Both equations are highly questionable. It is a sound rule to disbelieve anyone who claims to speak for “the people.” The communists in Central Europe do it all the time. I have no idea what “the people” of El Salvador want. I only know what some people I talked to want. For example, the Americanized businessmen who support ARENA want the freedom of free enterprise but not the freedom of political democracy. It is very difficult to say what the peasant majority wants, since the campesinos too often tell you what they think the current local occupying power (army or guerrillas) wants to hear. But they all swear that the first thing they want is an end to the slaughter, as soon as possible, however that may be achieved. Is this the United States’ first interest in El Salvador?

As for the second equation, the very idea that nations have “moral interests” is a strange and suspect one to European ears. Political, strategic, economic, cultural interests—yes; but moral interests? As the Regius Professor of Modern History at Oxford, Michael Howard, writes (in War and the Liberal Conscience),

The United States…virtually alone among nations, found and to some extent still finds its identity not so much in ethnic community or shared historical experience as in dedication to a value system; and the reiteration of these values, the repeated proclamation of and dedication to the liberal creed, has always been a fundamental element in the cohesion of American society.
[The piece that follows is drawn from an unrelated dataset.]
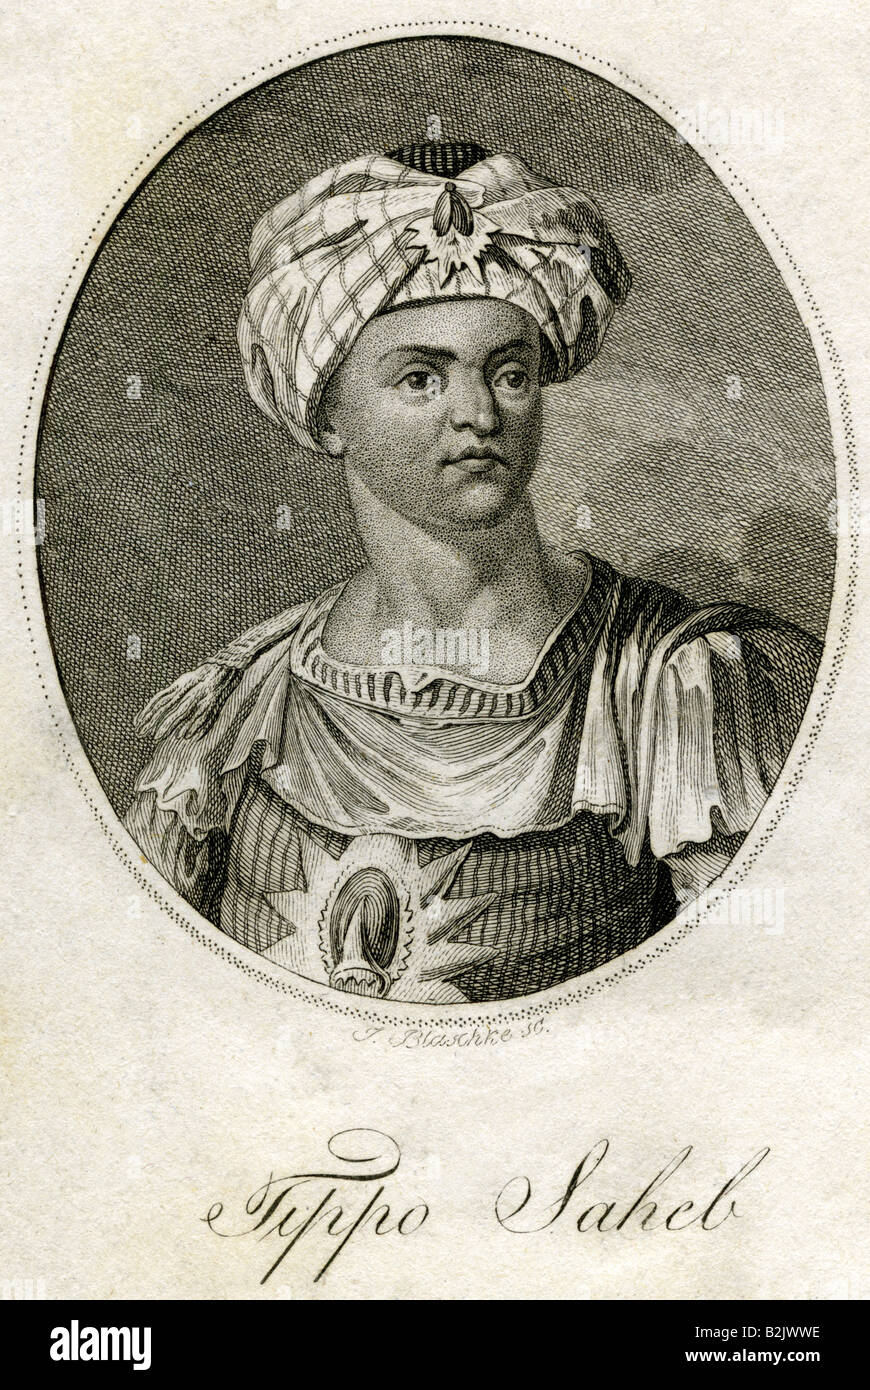 Tippu Sahib, 19.11.1751 - 4.5.1799, Sultano di Mysore 10.12.1782 - 4.5.1799, ritratto, acciaio incisione, da J. Blaschke, secolo XIX, artista del diritto d'autore non deve essere cancellata Foto Stock

So much is this a commonplace of American politics that a very peculiar little paragraph in the Kissinger Commission report goes apparently unnoticed. Listing US interests in the crisis it places one goal first:

To preserve the moral authority of the United States. To be perceived by others as a nation that does what is right because it is right is one of this country’s principal assets.

This exemplifies the dubious amalgamation of the notions of moral duty and national interest. Kissinger et al. do not say “we must do what is right because it is right.” They say “we must be seen to do ‘what is right because it is right’ because it is in our national interest so to be seen.” But if you are doing (or claiming to do) what is right because you think it is in your own interest so to be seen, then you are not doing it because it is right. You are being self-interested, not disinterested; selfish, not selfless; political, not moral. If you pretend otherwise, you are being hypocritical.

In my experience, many Western Europeans object less to the substance of US policy toward Central America than to the moralistic rhetoric in which it is presented. If I had had to defend the Reagan administration’s Salvadoran policy before a European audience during the past year, I would have said something like this: “We are trying to support a democratically elected, civilian Christian Democratic government. We recognize that the overmighty Salvadoran military and security forces have been responsible for many terrible atrocities. We are doing our best to curb them. But you must appreciate that our power over them is not absolute. This policy is very unsatisfactory. But do you have a better one? ‘Power sharing’ is not a realistic possibility in El Salvador today; as it is not in Northern Ireland. Presumably you don’t want us to invade? No, you want us to withdraw. But please consider what would happen then. The most likely result of a precipitate withdrawal from El Salvador (as of a British withdrawal from Northern Ireland) is a blood bath: whether an anticommunist matanza by the army on the 1932 model, or guerrilla terror, or (probably) both.”

I can’t pretend I would be happy with this defense. Why did the Reagan administration do so little to curb the Salvadoran security killers in its first two years in office? Why did it supply them with so many arms in the same period? Doesn’t it realize that militarization is Salvador’s disease, not the cure? To these questions I would have no answer. But my defense would at least be comprehensible in the language of European politics. “Yes,” I would conclude, “our policy is not all good; some of the people it has financed and armed are evil. But politics is the choice of evils. All we claim is that this is the lesser evil.”

  1. 1

    By 271 votes to 232. Last year the same house voted by an overwhelming majority—416 to 187—that it would “fight for Queen and Country.”